Work order – Please retype the records below exactly, omitting any images.

Records for this task –
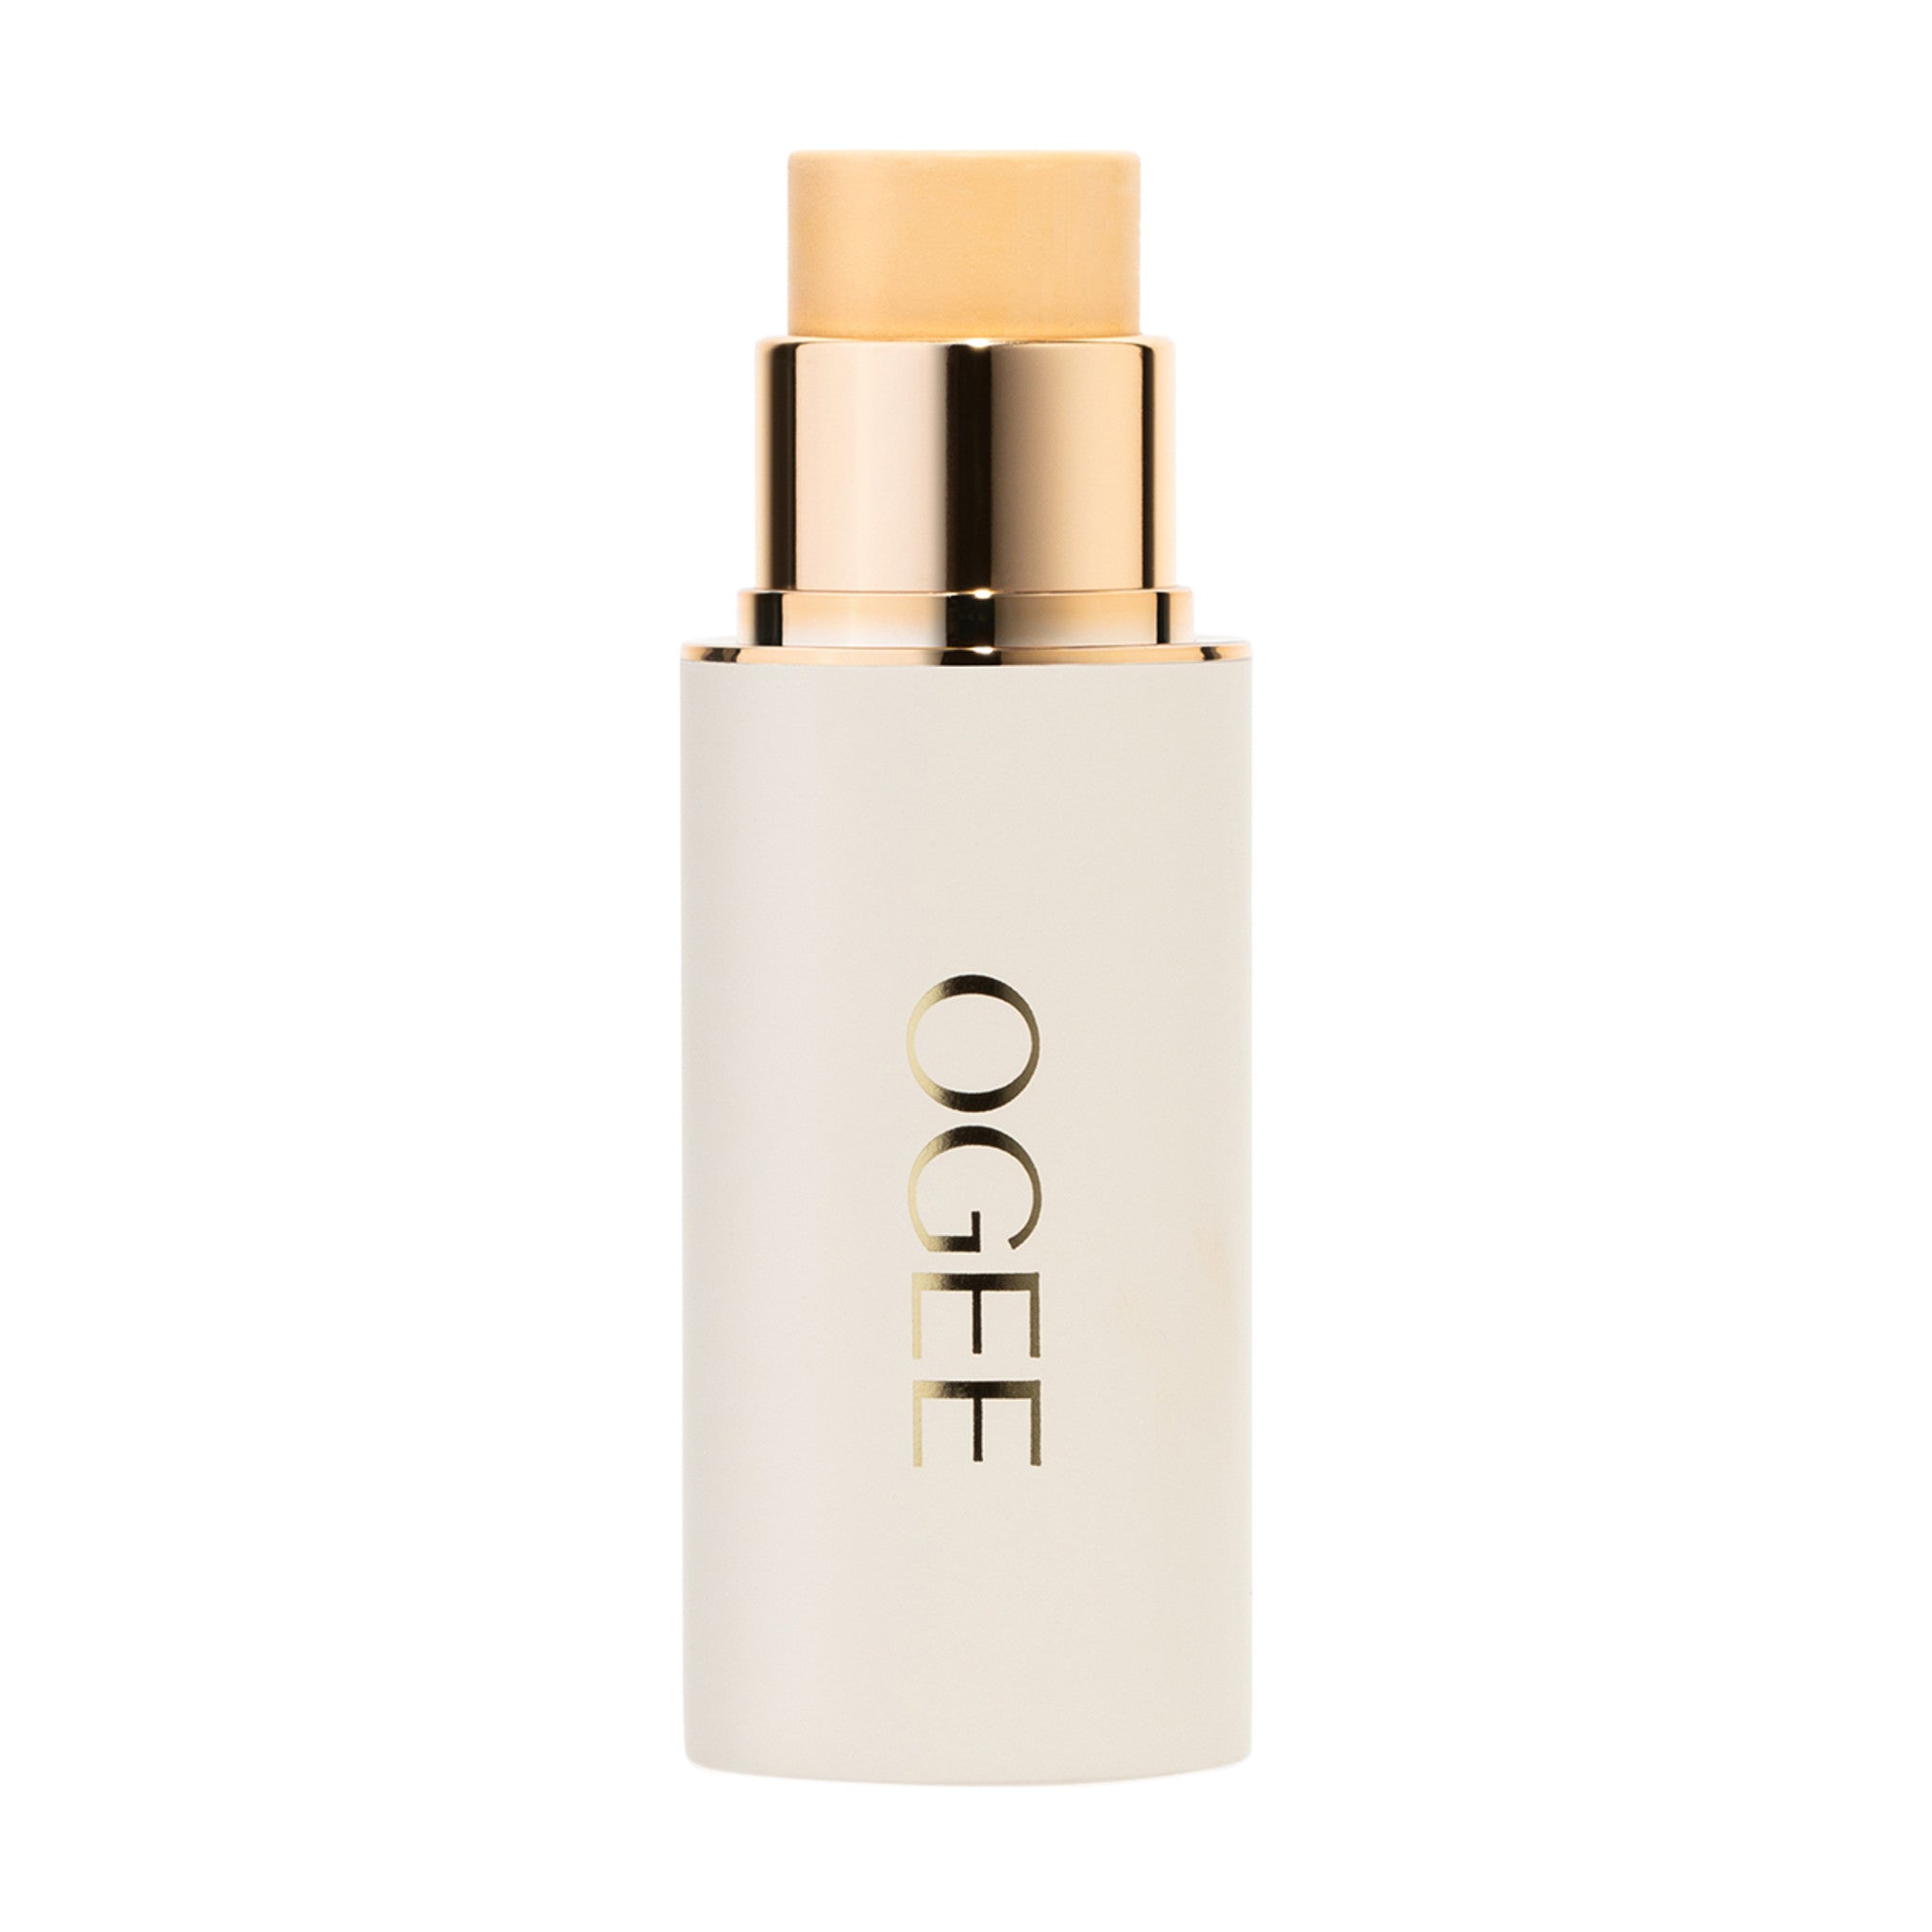 Ogee Sculpted Complexion Stick Color/Shade variant: Aspen .5N main image. This product is for light neutral beige complexions
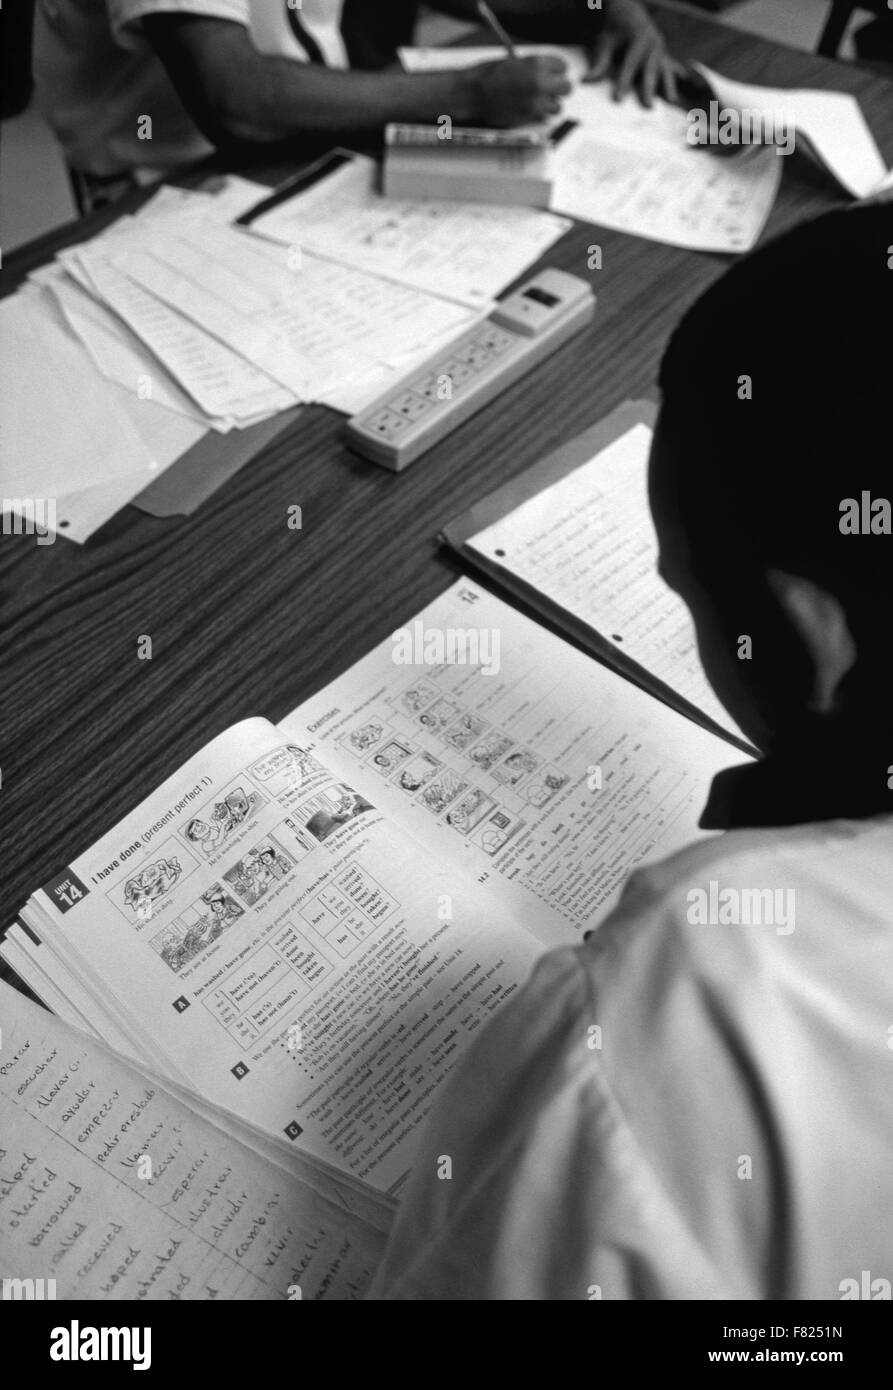 State Prisoners study English textbooks at a correctional facility in Georgia. Stock Photo
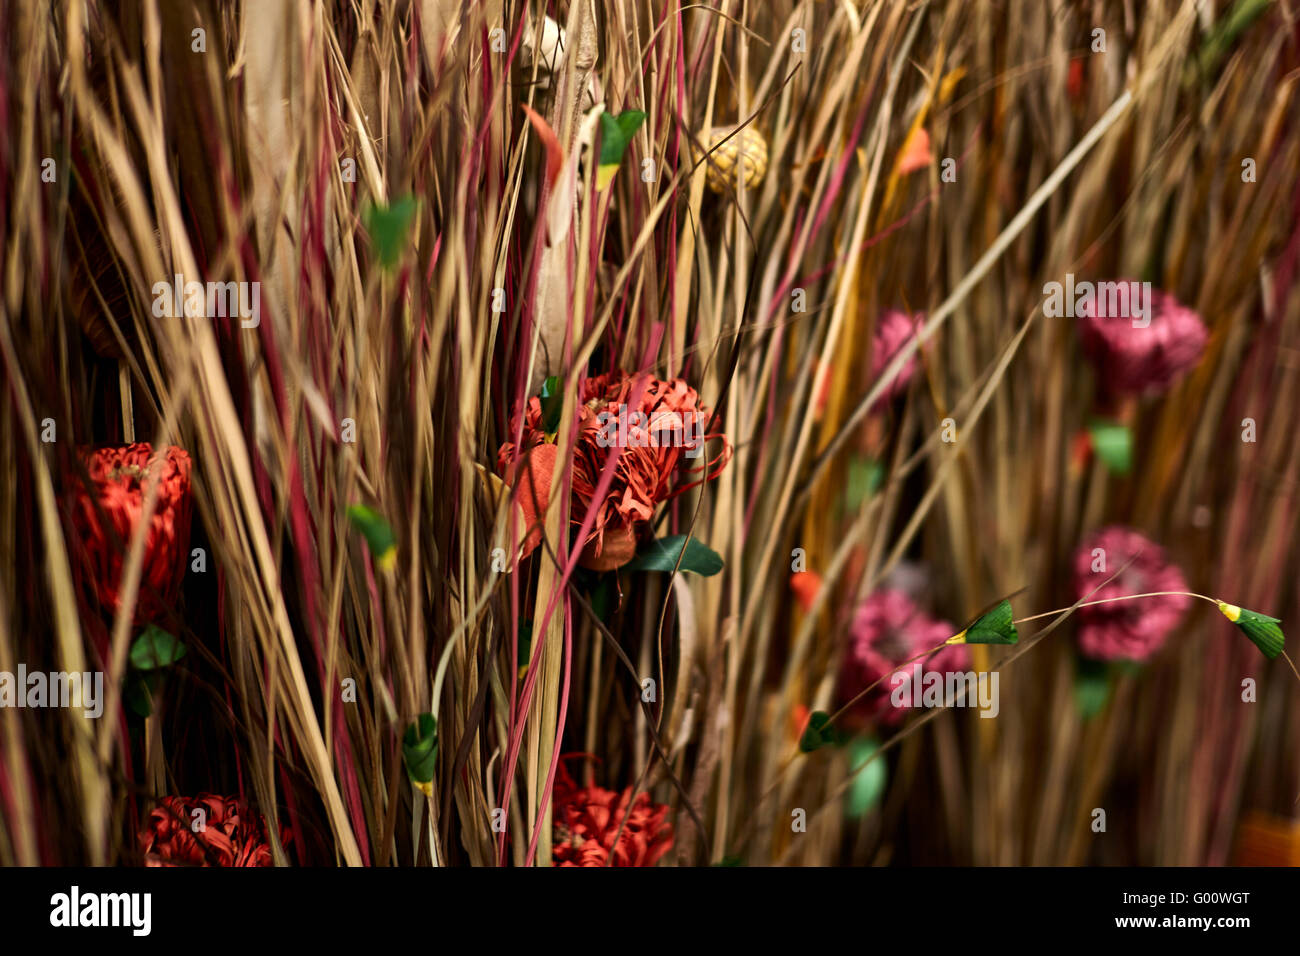 Tall natural fiber dried grasses and dried flowers in a row Stock Photo
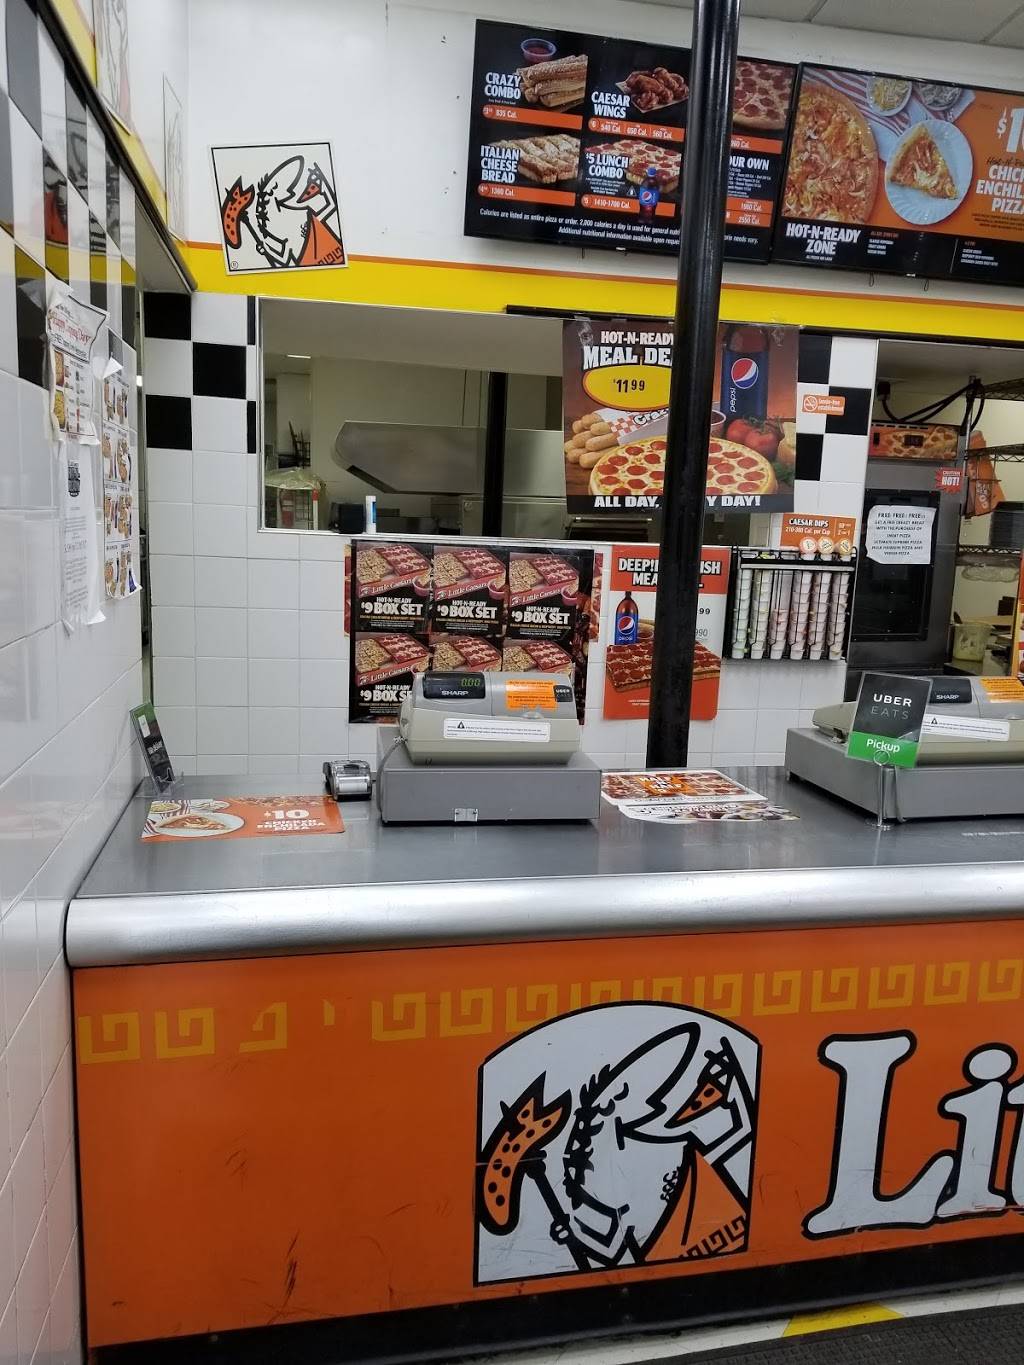 Little Caesars Pizza | meal takeaway | 4 W Mount Eden Ave, Bronx, NY 10452, USA | 3475909888 OR +1 347-590-9888
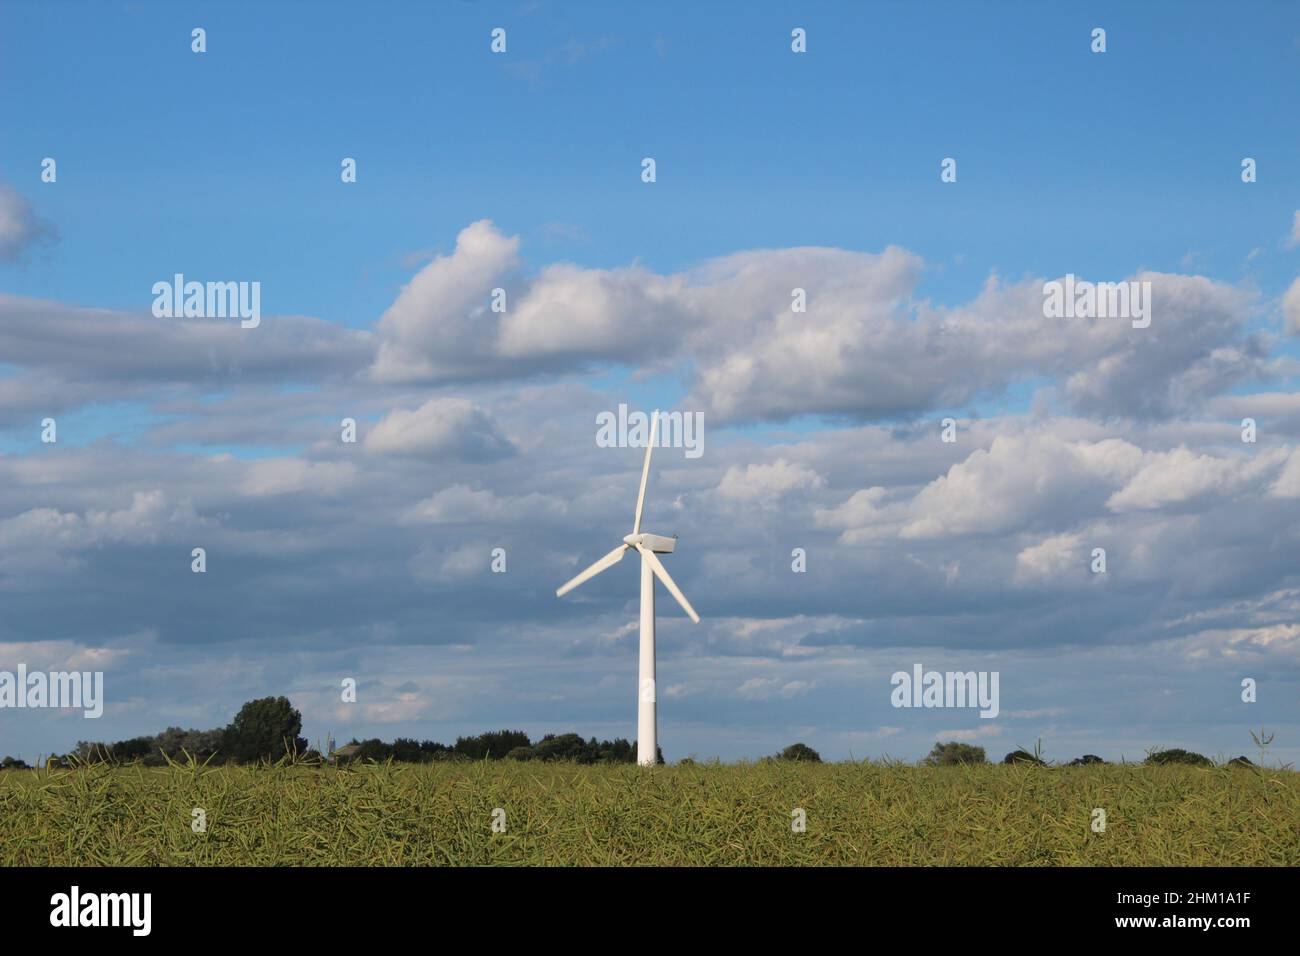 A wind turbine producing clean sustainable electricity in a field against  a blue cloudy sky Stock Photo

Response to this exercise –
 Ogee Sculpted Complexion Stick Color/Shade variant: Aspen .5N main image. This product is for light neutral beige complexions
 State Prisoners study English textbooks at a correctional facility in Georgia. Stock Photo
 Tall natural fiber dried grasses and dried flowers in a row Stock Photo
 Little Caesars Pizza | meal takeaway | 4 W Mount Eden Ave, Bronx, NY 10452, USA | 3475909888 OR +1 347-590-9888
 A wind turbine producing clean sustainable electricity in a field against  a blue cloudy sky Stock Photo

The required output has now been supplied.